- Splash screen
- Developer: Atari Corporation
- Publishers: Original releaseNA/EU: Atari Corporation; RelaunchWW: B&C Computervisions;
- Producer: David M. Schwartz
- Engine: GameFilm
- Platform: Atari Jaguar CD
- Release: Original releaseNA/EU: Unreleased; RelaunchWW: August 2002;
- Genre: Interactive movie
- Mode: Single-player

= Caves of Fear =

Caves of Fear is an unreleased interactive movie video game developed by Atari Corporation in 1995 exclusively for the Atari Jaguar CD. It served as technology demonstration of the GameFilm, a then-newly developed in-house interactive movie format conceived by former Atari Corp. employee David Schwartz during his time at the company.

Set in Montevideo, Uruguay in 1996, players assume the role of CIA agent Jack Armstrong tasked with stopping the terrorist organization World White Order before their chemical weapon is released into the world and "purifies" all of humanity. The players interact with the demo by performing actions highlighted with text messages appearing at the bottom of the screen, along with a subliminal voice in the background that queues to their possible decisions which can affect the narrative such as the getting the main character killed, and certain actions may lead to alternative scenes and endings.

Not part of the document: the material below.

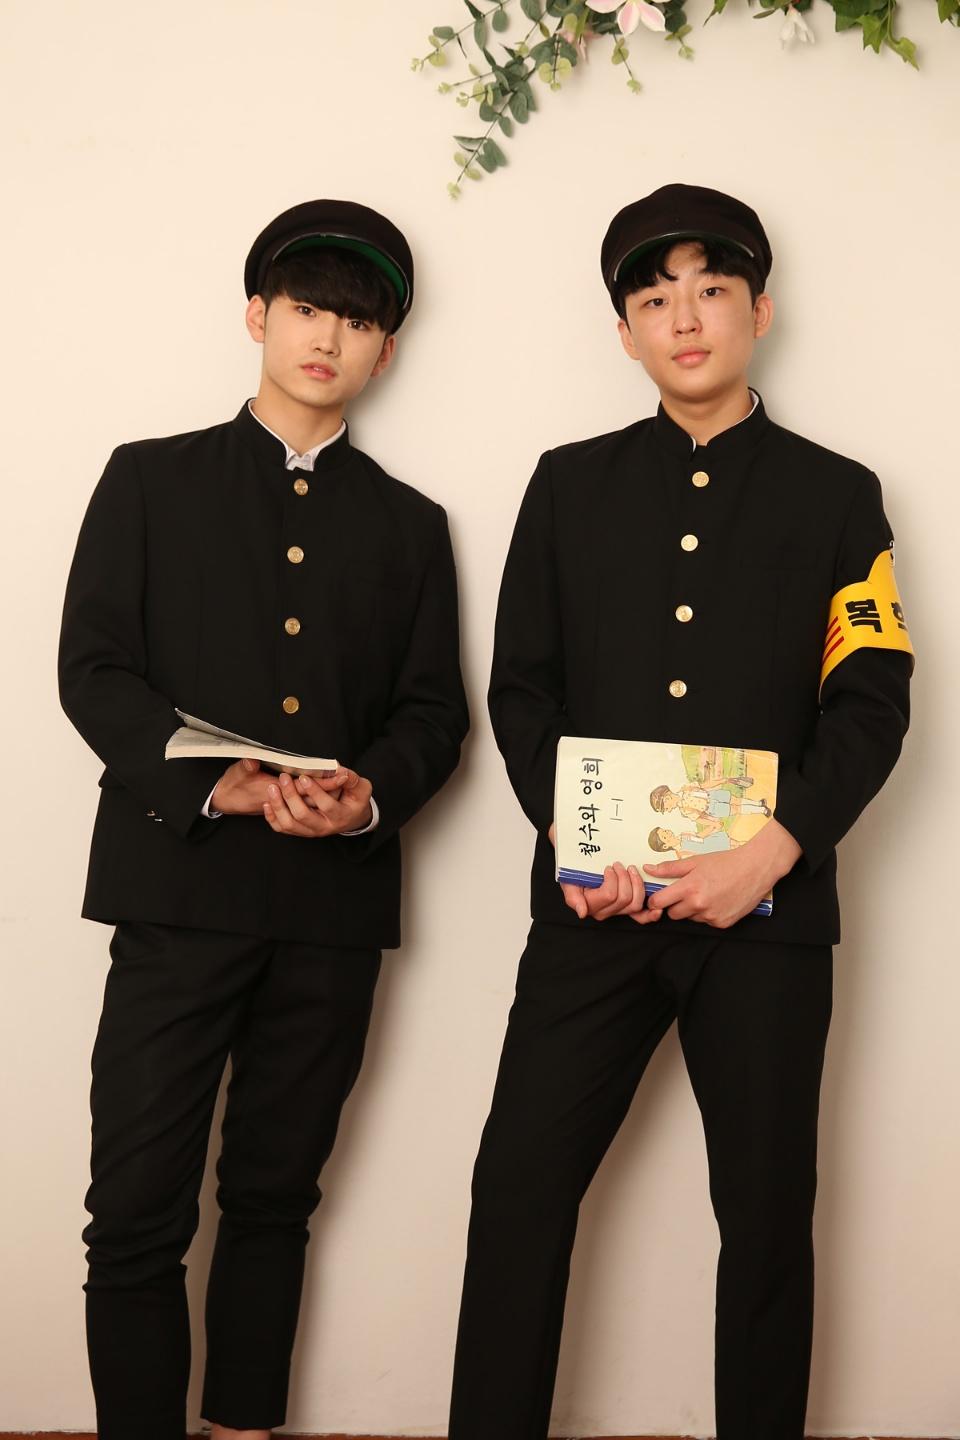 Two people. in school uniforms stand side by side with gestures.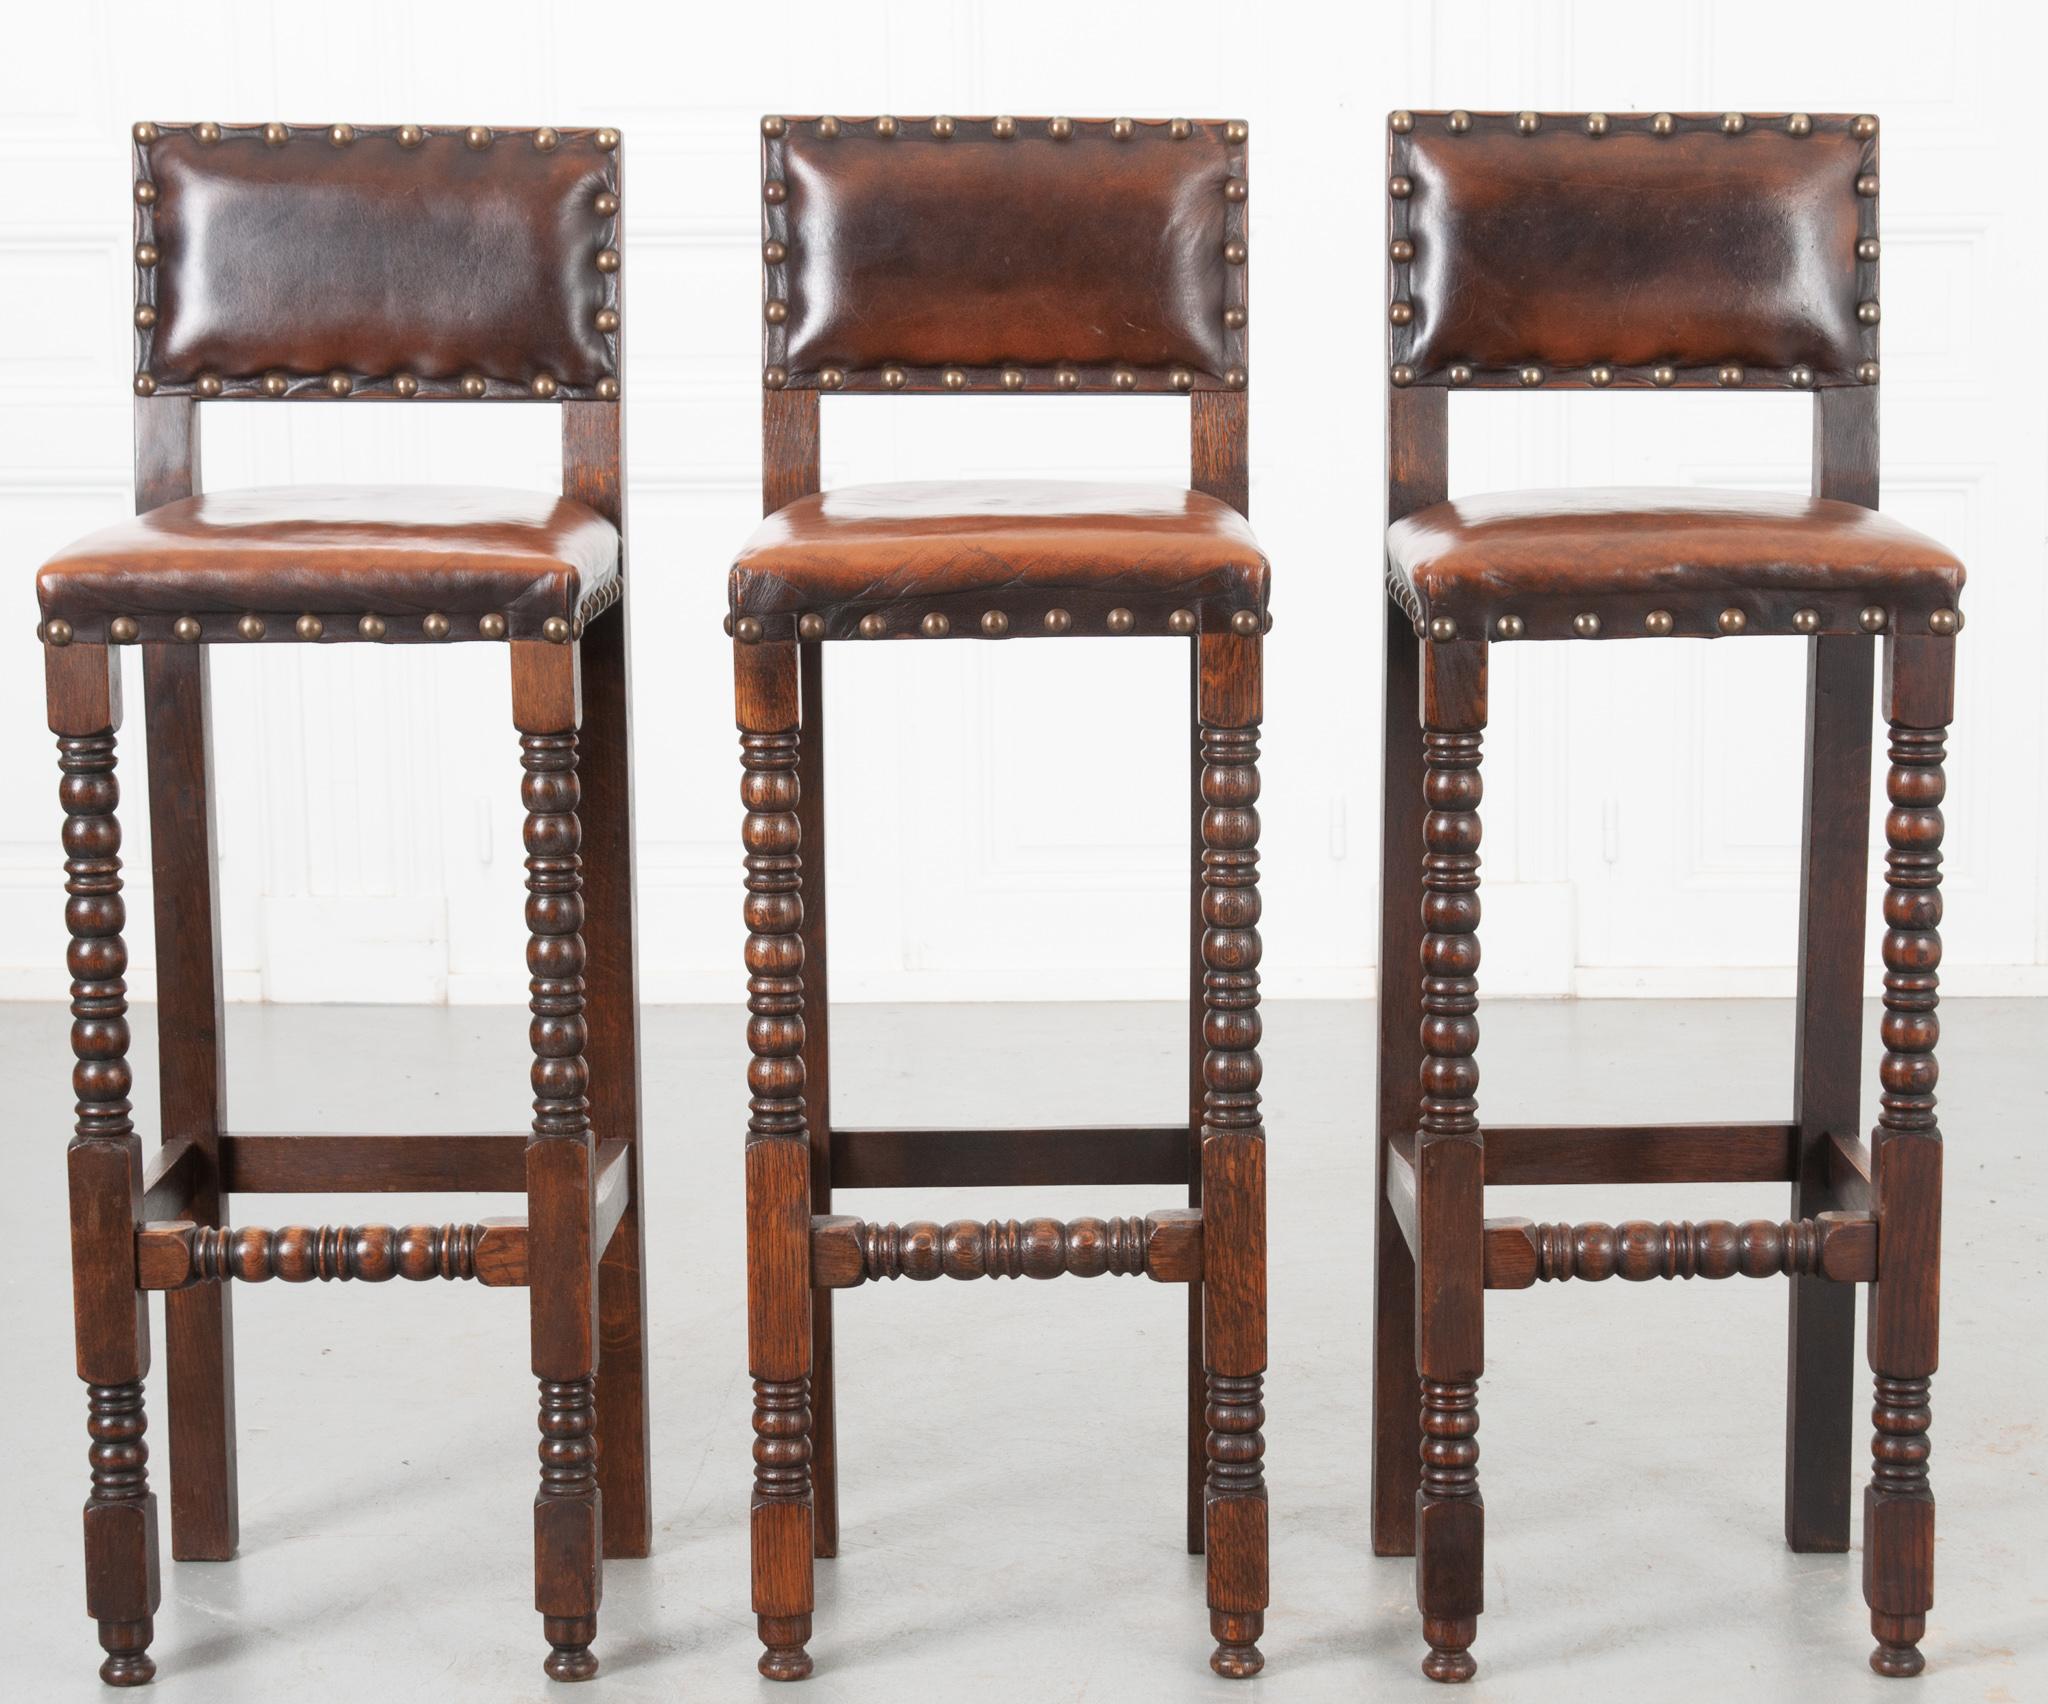 leather furniture for pubs

Despite Caves of Fear never being intended to be officially released into the public by Atari, a playable prototype build of the game was eventually recovered from being destroyed by Atari historian and video game collector Glenn Bruner along with a colleague. It has since been released and sold online by independent groups such as B&C Computervisions.

== Gameplay ==

Gameplay screenshot.

Caves of Fear is an interactive movie game demo that uses full motion video (FMV) to present the story and gameplay, similar to Digital Pictures' Sewer Shark and Netflix's Black Mirror: Bandersnatch, where players are instructed by the in-game text messages or a subliminal voice heard on the background to make CIA agent Jack Armstrong perform a choice under quick time events by pressing the A button on the controller, which can alter the course of the narrative and create a branching storyline, leading to different outcomes on each playthrough such as having the main character killed by World White Order agents. Due to its use of the GameFilm technology, scenes play and alter between each other without visible pausing, streamlining the experience and giving them a smooth narrative flow as a result, unlike most FMV titles released at the time. After reaching the end, players are ranked depending on their decisions and scoring is also based upon their actions.

== History ==
Caves of Fear served as a demonstration of the then-newly developed in-house interactive movie format conceived by former Atari employee David M. Schwartz named GameFilm, which allowed for data arranged in clips representing video film having multiple segments, matching another one to make them splice seamlessly when played in series as a result. According to Atari Explorer Onlines Jim Marsteller, the project was only showcased to key attendees at E3 1995. Internal documents from Atari also revealed that several production houses were involved in the creation of the project such as Man Made Films, The Music Annex, Apple & Honey Film, and Rimon.

== Release ==
Sometime in the 2000s, a playable prototype build of the game was found and recovered by Atari historian and video game collector Glenn Bruner along with an anonymous colleague from being destroyed, with homebrew programmer Scott Walters writing a CD booting program to run the title. After being rediscovered, it was showcased across fan festivals such as E-JagFest 2001 burned on a CD-R, in addition of being sold at Classic Gaming Expo 2002 by B&C Computervisions including a case and a professionally printed CD for US$25. It has since been leaked online and can be played by either using a Jaguar CD Bypass cartridge from B&C Computervisions or other methods of running unencrypted CD-Rs, as the game was not encrypted to run on standard Jaguar CD systems.